Can't help until we know more.


----------



## Aus_Karlos (Mar 10, 2007)

You also need to increase the voltages while Overclocking. Overclocking the FSB about 15mhz requires some voltage tweaking.
First step is to disable all CPU power save modes like C1 and if you have them C2 and C3.
What is your current stock voltages for all your Hardware components. 
CPU
FSB
RAM
PCI-E


----------



## greenbrucelee (Apr 24, 2007)

aswell as the above you should go up in 5 or 10MHz at a time and everytime you have gone up by 50MHz you need to stress test. The issue you are having could be cooling, voltage or hardware that isn't good enough for the task. Most likely one of the first two though.


----------



## Poyol (Nov 4, 2009)

I'll post the system specs when i get home..
Thanks


----------



## Poyol (Nov 4, 2009)

Okay here we go...
Motherboard: MSI 945G NEO -- FSB 200Mhz @ 216Mhz
Processor: Intel Pentium4 3.0Ghz @3.24Ghz
Ram: Kingston ValueRam 533Mhz 1Gb x2 
PSU = ONLY 400w
COOLING: PSU FAN, Case fan (80mm), CPU fan with heatsink
Plus Heat sinks on North Bridge + South Bridge + FSB


----------



## greenbrucelee (Apr 24, 2007)

what is the make of PSU?

Is the heatsink the normal stock heatsink?


----------



## Poyol (Nov 4, 2009)

PSU is a.. POWER MAN
And... CPU heatsink is not stock heatsink it is a big circular heatsink


----------



## Aus_Karlos (Mar 10, 2007)

What about stock voltages. 
CPU mainly, download Everest fro my sig, it will try to pickup as much sensor data as it can. 
Whats your RAM mutli set to + voltage?


----------



## greenbrucelee (Apr 24, 2007)

you need to get rid of the powerman psu they are another version of winpower almost the worst power supply make that there is. And I would tell this if you were overclocking or not.

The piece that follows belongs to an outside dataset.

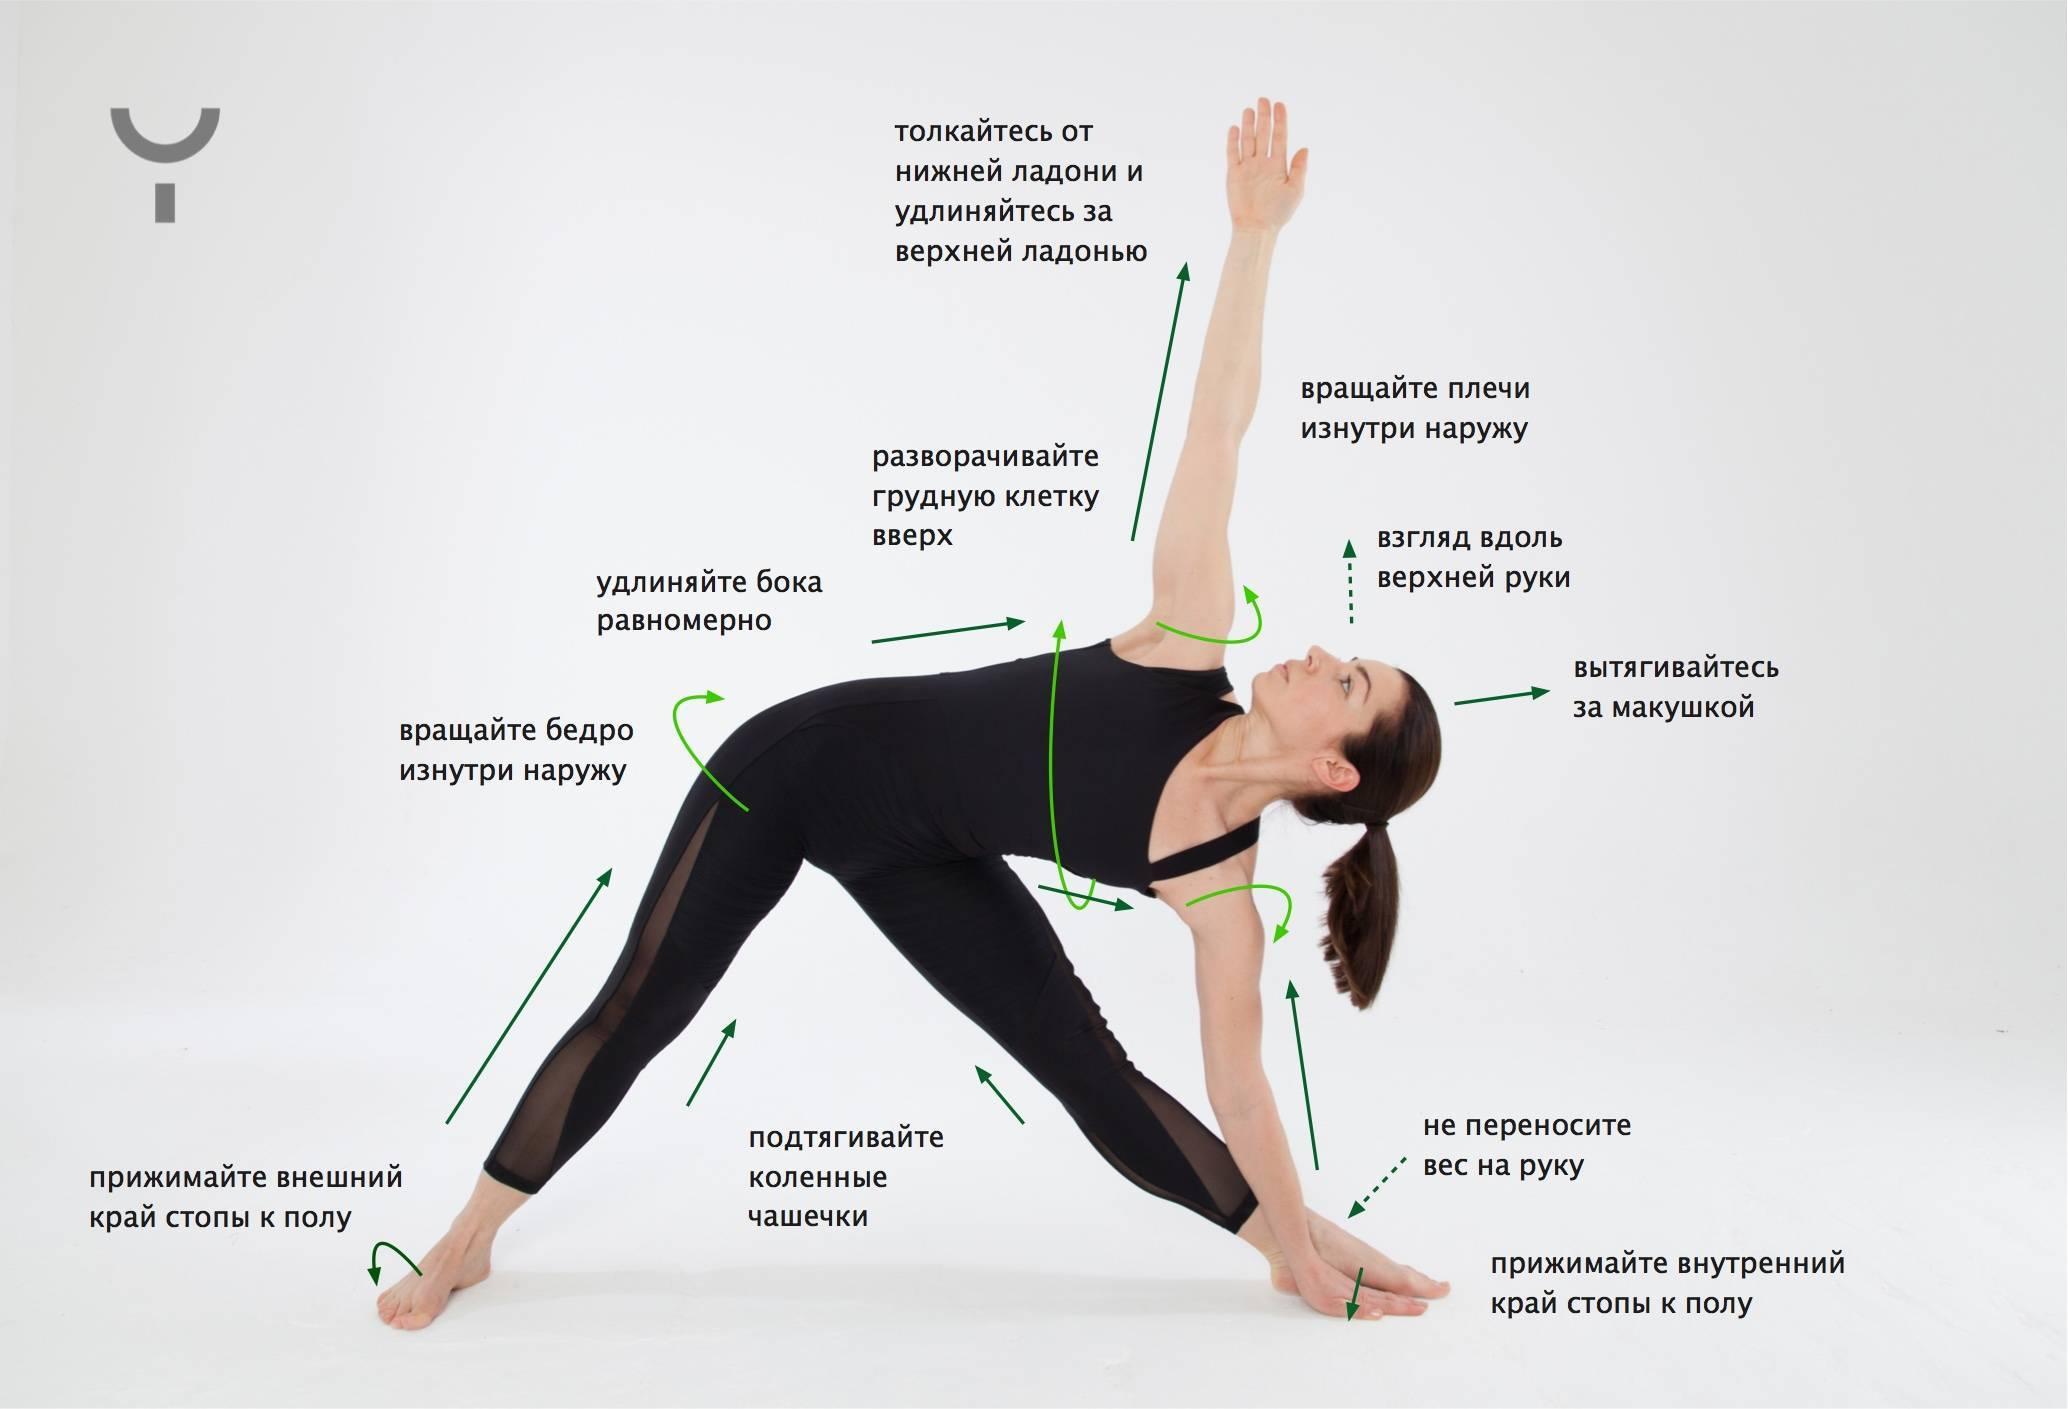 Секреты выполнения баласаны, техника позы ребенка в йоге, польза асаны

I suspect the psu can't handle the extra power.


----------



## Poyol (Nov 4, 2009)

What PSU make would you recommend?


----------



## greenbrucelee (Apr 24, 2007)

A good make either corsair or seasonic. I noticed you havent said you are running a graphics card (if you do please tell me what it is).

And because your over clocking I would suggest a corsair VX550 if you do have a card this will change to either (depending on card) corsair 650/750TX or seasonic M12 700


----------



## Poyol (Nov 4, 2009)

Okay I'll get a corsair..
But my extreme edition pentium 4 processor should be able to be clocked 30% above stock yeah?


----------



## greenbrucelee (Apr 24, 2007)

with a decent power supply and decent cooling yes, although MSI don't make the best motherboards.


----------



## Poyol (Nov 4, 2009)

Just added extra 120mm viglan server fan..
and MSI aren't too bad?

216 fsb = slow right?


----------



## greenbrucelee (Apr 24, 2007)

well with the cpu etc that you have it's ok for that setup but with decent cooling and a decent power supply you should be able to get a 30%+ OC on it. But you are using older hardware and older harware like your cpu were not designed to handle big overclocks where as with new setups and cpus the manufacturers expect it so cpus and mobos are designed for it.


----------



## Poyol (Nov 4, 2009)

Is my cooling decent enough?
120mm Viglan Server Fan
80mm Case fan
CPU fan+heatsink
And obviously PSU.
And yeah I understand the disadvantages of the older hardware, but you can't knock it if all parts are donated to me? Gotta be £200+ worth of stuff there?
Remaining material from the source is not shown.